Brian’s mouth dropped open as he looked from the shocked expression on the priest’s face to the steady stare of the police chief.

Scrimsher stepped closer to Noah. “I have that same fleck,” he said. “I inherited it from my father.”

“Are you saying,” Brian began, but didn’t finish.

“I’m your father,” Scrimsher said to Noah.

Brian looked at the chief who just glared back.

“And you killed my mother,” Noah said.

Brian was stunned.

“No, no,” Scrimsher said. “She died naturally, she was sick.”

“Because of what you did to her.”

“No,” Scrimsher said. “Your mother was in love with me. But I told her God was my true love. She left the school when she turned eighteen. I never knew she was pregnant. She came to Mass one day with you.” He bowed his head. “I saw the fleck in your eye and I knew.” He began sobbing.

“She was a teenager,” Noah said. “What you did to her messed her up. And when I went missing, it broke her.”

“Who else knew?” Brian asked Scrimsher.

He lifted his head. “I told no one. I was ashamed.”

“Not half as ashamed as I am right now,” Noah said.

“Someone else must have known,” Brian said. “Someone who kidnapped him.”

“I was shocked the day I realized,” Scrimsher said. “The only person I breathed a word of it to was Sister Bernice.”

“We’re going to need to talk to Sister Bernice,” Noah said.

In the back of the rectory, a door slammed.

 

 

Chapter 27

 

A MURDER OF PIGEONS

 

“Don’t go anywhere,” Treece said to Scrimsher before he and Brian went out the back door of the rectory.

It was dark in the back yard. Brian heard running footsteps and caught a glimpse of a shadow moving. He saw the flowing robe of the nun’s habit as she ran toward the abandoned old-folks’ home.
(The black specter.)

“There,” Brian said, pointing to the vacant building.

Noah pulled out his gun in his right hand and his flashlight in the other.

Brian glanced at the gun. “Is that necessary?”

Noah looked at him and smiled. “How dangerous can a nun be?” He holstered his weapon and turned the flashlight beam onto the darkened brick structure behind the church parking lot. The bottom windows were boarded up with plywood. The second-story windows were not, but most of the glass was broken.

“You’ve got a lot of explaining to do,” Brian said to the chief. His head was still spinning with what he had just learned.

“Later,” Noah said. “There will be time for that.”

Brian hoped there would be.

With the chief leading the way they walked through the dark parking lot, footsteps echoing in the quiet night. The front door was ajar and still swaying.
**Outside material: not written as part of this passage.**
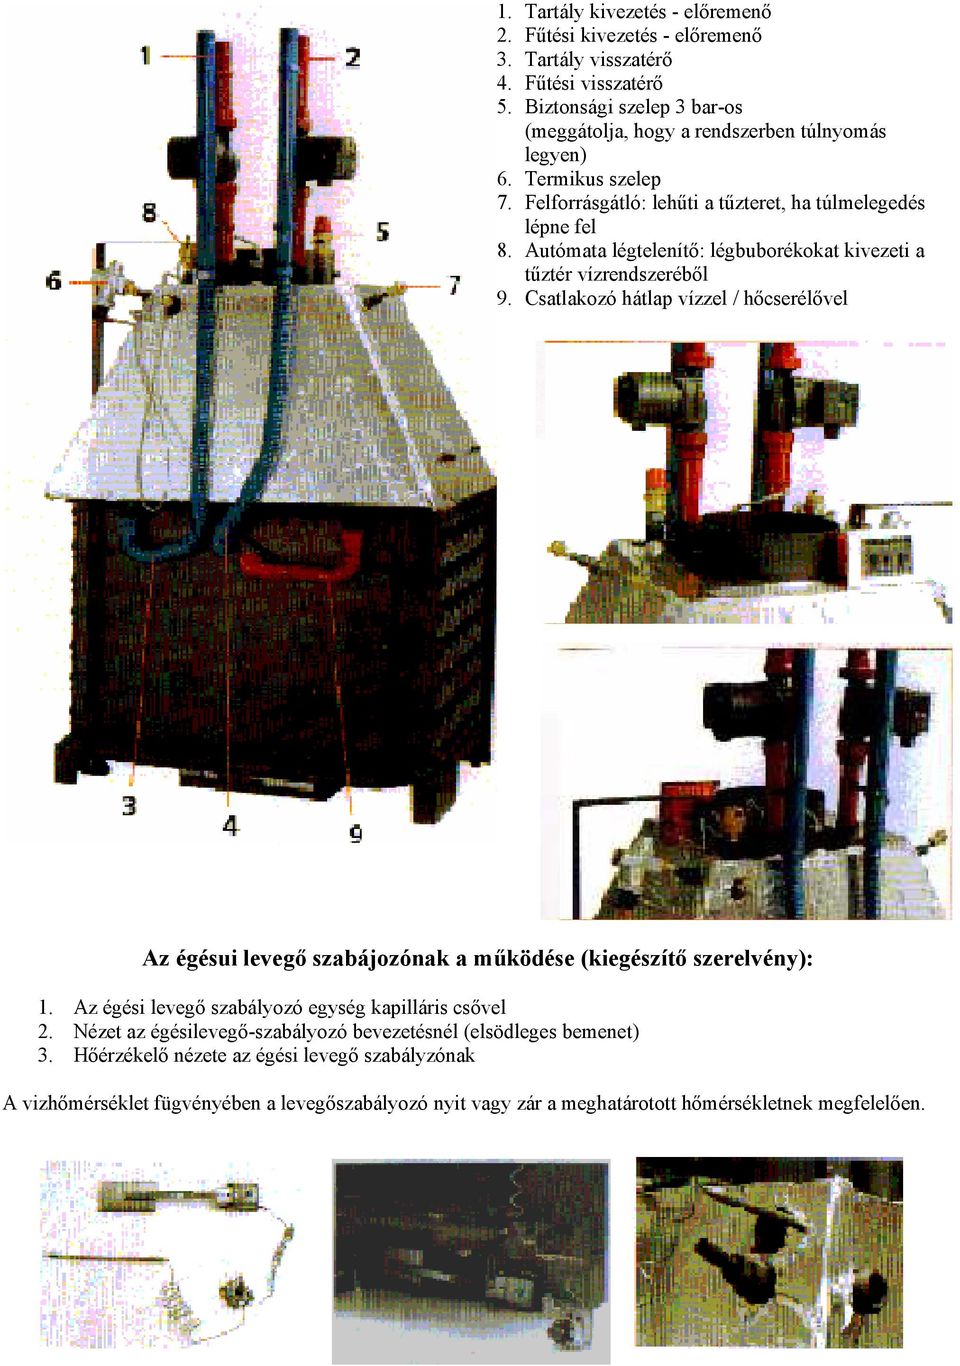 Autómata légtelenítő: légbuborékokat kivezeti a tűztér vízrendszeréből 9. Csatlakozó hátlap vízzel / hőcserélővel Az égésui levegő szabájozónak a működése (kiegészítő szerelvény): 1.

Noah pushed it open, shining his light inside. There was an empty, darkened foyer and a staircase to the left. He entered and Brian followed.

Noah shined his light around the foyer. There was a wooden telephone stand against the right wall with an old rotary phone on it, smothered in cobwebs. Brian saw a light switch on the wall beside the door and remembered seeing a light in one of the windows last night. He flicked the switch a couple times. No power. The light he had seen must have come from some other source.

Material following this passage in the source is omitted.